A True Post-Season Great – Reggie Jackson Print E-mail
Written by Liz Banks   
Friday, 28 June 2013

Born in Pennsylvania on the 18th of May 1946, Reginald Martinez Jackson was a right fielder on the baseball pitch. His 21 year-long career in MLB was cherished by the fans and faithful of four different clubs between 1967 and 1987. Mr. October, as he was popularly known, Jackson made his mark on the game with some fine clutch hitting with the Yankees and Oakland A’s. Eleven of his 21 seasons ended with his team making it to the post-season as he was an influential figure in each season.

Jackson’s career total of 563 homers was the sixth highest in baseball history when he retired. His slugging percentage of .490 and his 2597 strikeouts consolidate his place in a league of its own. Jackson remains the only baseball player who scored 100 homers for three different teams, hitting centuries of knocks for the Angels, Yankees and Athletics.

The Making of a Hero

With magnificent athletic ability, Reggie was tipped to make it among the big timers by the time he was just thirteen years old. As the only African American player for his youth team, he experienced racial discrimination for the very first time as his coach refused to allow him to enter the field of play. Jackson was stunned, and as he recalled years later, it was the first time he had ever faced something like that, making him realize that the color of his skin could be an issue.

When his coach finally decided it was time to put him on the field, Reggie’s wanted to prove his worth by pinch hitting a homer during the final game of that particular series. However, his short-lived dream did not materialize and instead, he struck out.

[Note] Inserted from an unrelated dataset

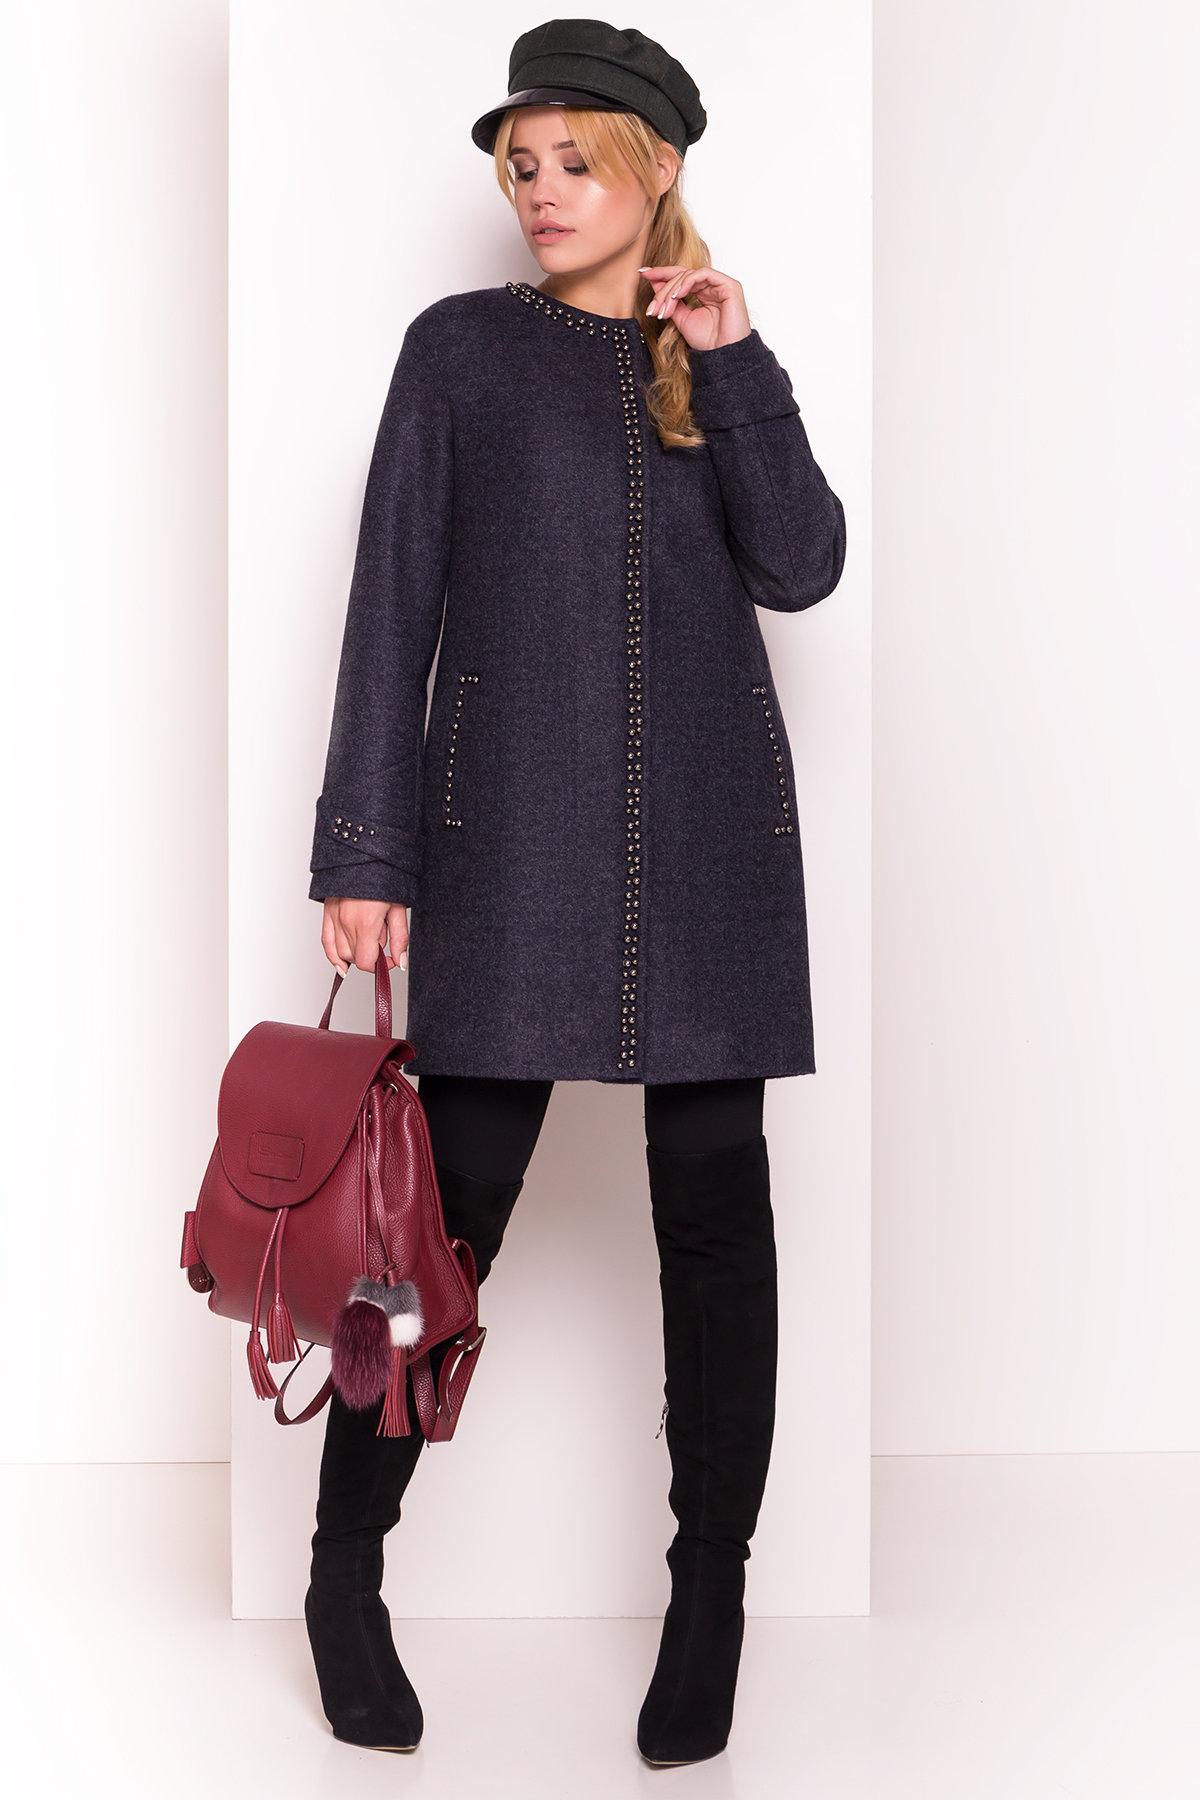 Пальто Анси 4544 Цвет: Темно-синий

His dad was attending the game, so Reggie felt worse about his failure and believed that he had let everyone down, including his father. After the game, his dad offered him a ride home, but young Reggie chose to walk instead, crying along the way. But the story of a true legend was just in the making as with every step he took, he repeatedly mumbled that he would become a major leaguer, and boy did he make it in the big frame!

Highlights of a Stunning Career

In his 21 years as a ballplayer, Jackson represented the All Start Team fourteen times – 1969, 1971 to 1975 and 1977 to 1984. He won five successive divisional pennants in the West League of American baseball. In addition, he also bagged three consecutive pennants winning the American League. He collected four divisional pennants when playing in the East League of American baseball, and three pennants for winning the American League. He also won two divisional pennants in the West League when playing for California Angels. Jackson is a five-time World Series winner (1972 to 1974, 1977, and 1978). He also bagged the Silver Slugger prize on two occasions – 1980 and 1982. 1973 and 1977 will be two of his finest years in the sport as he won the American League MVP as well as the World Series MVP in 73, and claimed the latter award for a second time in 1977 in addition to bagging the Babe Ruth Award during the same year.